January 15, 1994|By James M. Coram | James M. Coram,Staff Writer

The tune that representatives of professional football magnate Jack Kent Cooke presented to the Howard County Council yesterday was music to council members' ears.

The county would share the benefits but not the costs of having the Washington Redskins professional football team play in a Laurel stadium built by Mr. Cooke, council members were told.

In addition to paying construction costs of $160 million for a 78,600-seat stadium adjacent to Laurel Race Course, Mr. Cooke and the Redskins organization have also set aside $36 million for road improvements, project manager Walter Lynch told the council.

Stadium planners will look at 70 intersections in the county as candidates for possible improvement, Mr. Lynch said. He said an airplane will take aerial photographs in the next week and traffic counters will conduct surveys over the next few months.

The impact on existing roads would be minimal because the Redskins would control parking and set up predetermined entrance and exit routes, Mr. Lynch said. "We know where our fans are coming from," he said. "We can direct people to get to the facility."

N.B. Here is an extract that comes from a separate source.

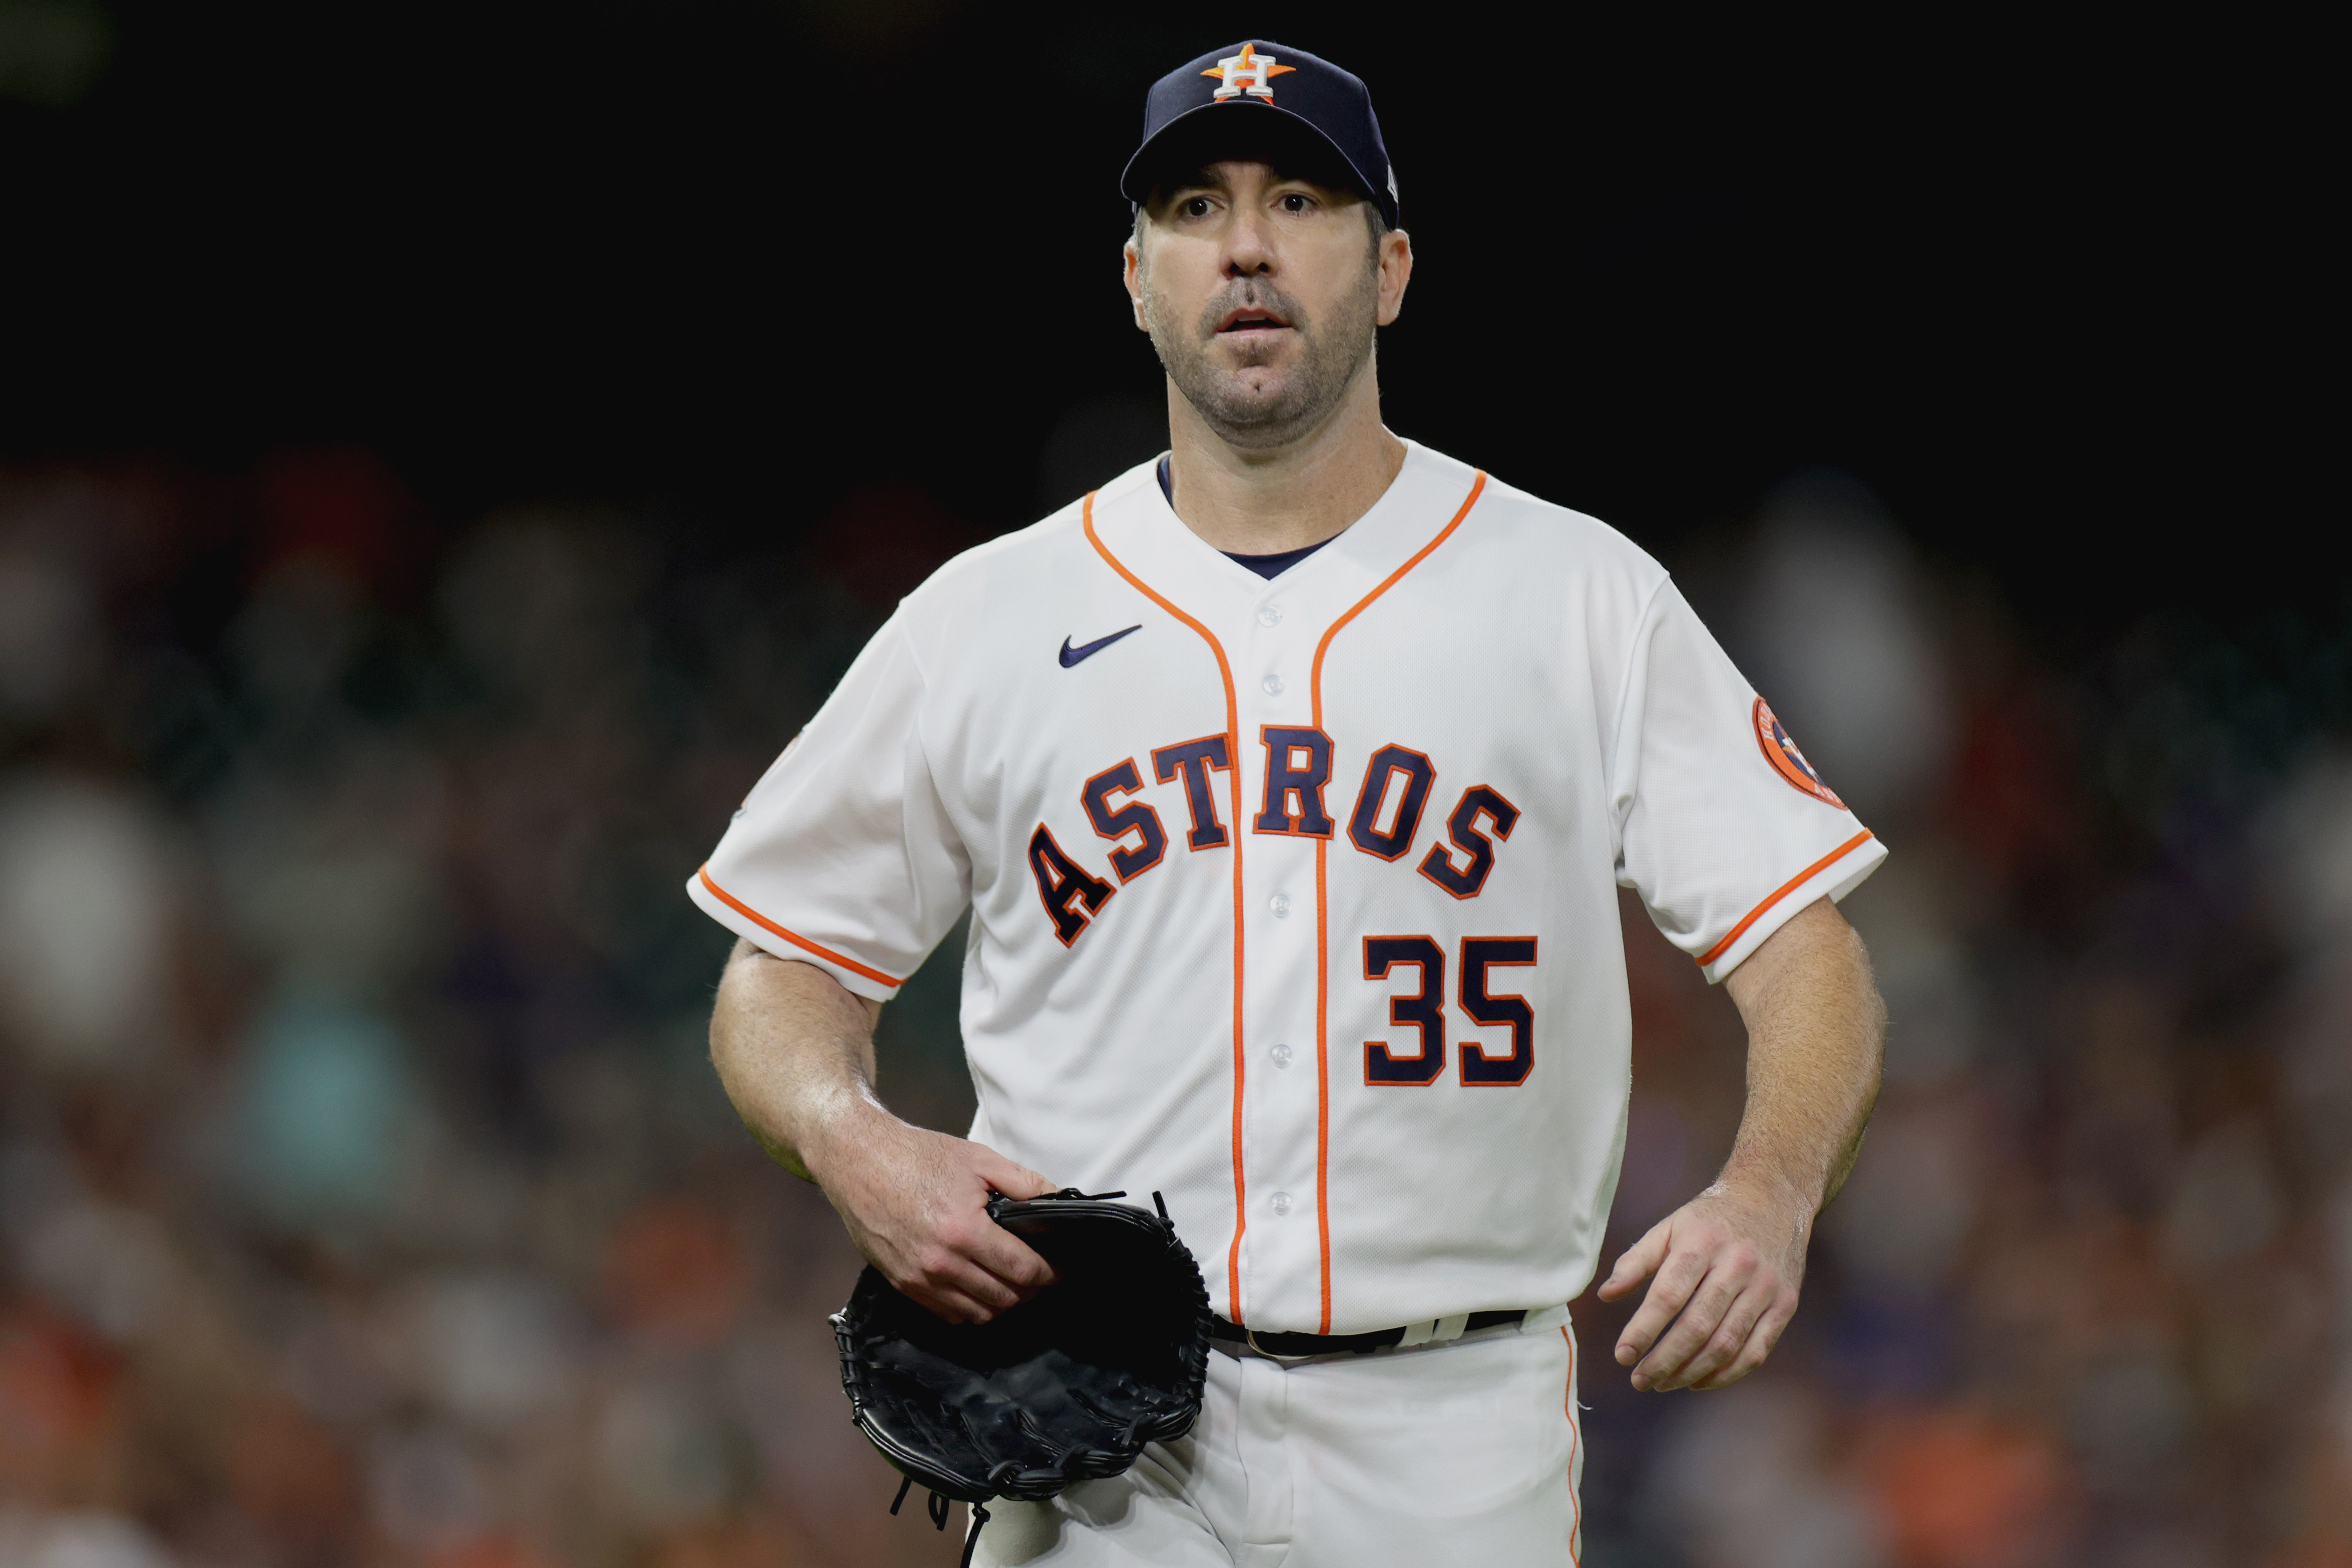 Justin Verlander #35 of the Houston Astros walks back the dugout after getting out of the fourth inning against the Minnesota Twins at Minute Maid Park on August 23, 2022 in Houston, Texas.

All 23,000 parking spaces proposed for the stadium would be sold at the same time ticket-holders ordered season tickets, he said. No other on-site parking would be available.

Parking space purchasers would have a specific parking assignment imprinted on their game ticket and would be given travel directions from their point of origin. They would not be allowed to park elsewhere.

Everyone else would have to use rapid transit, Mr. Lynch said. Fans could take one of 300 buses or ride the Maryland Rail Commuter Service train. The train would stop at a platform 1,700 feet from the stadium.

"It is in our best interests [to require most spectators to] use mass transit" to eliminate traffic congestion and comply with Clean Air Act standards, said attorney Alan M. Rifkin, an Annapolis lobbyist with close ties to Gov. William Donald Schaefer.

Residents also need not worry about the stadium being used as a site for rock concerts, he said.

"The turf alone costs $2 million," Mr. Rifkin said. "We will do nothing that violates that turf. It will have limited use. It's not going to be a rock concert hall."

He sees the proposed stadium as a potential site for Army-Navy football games.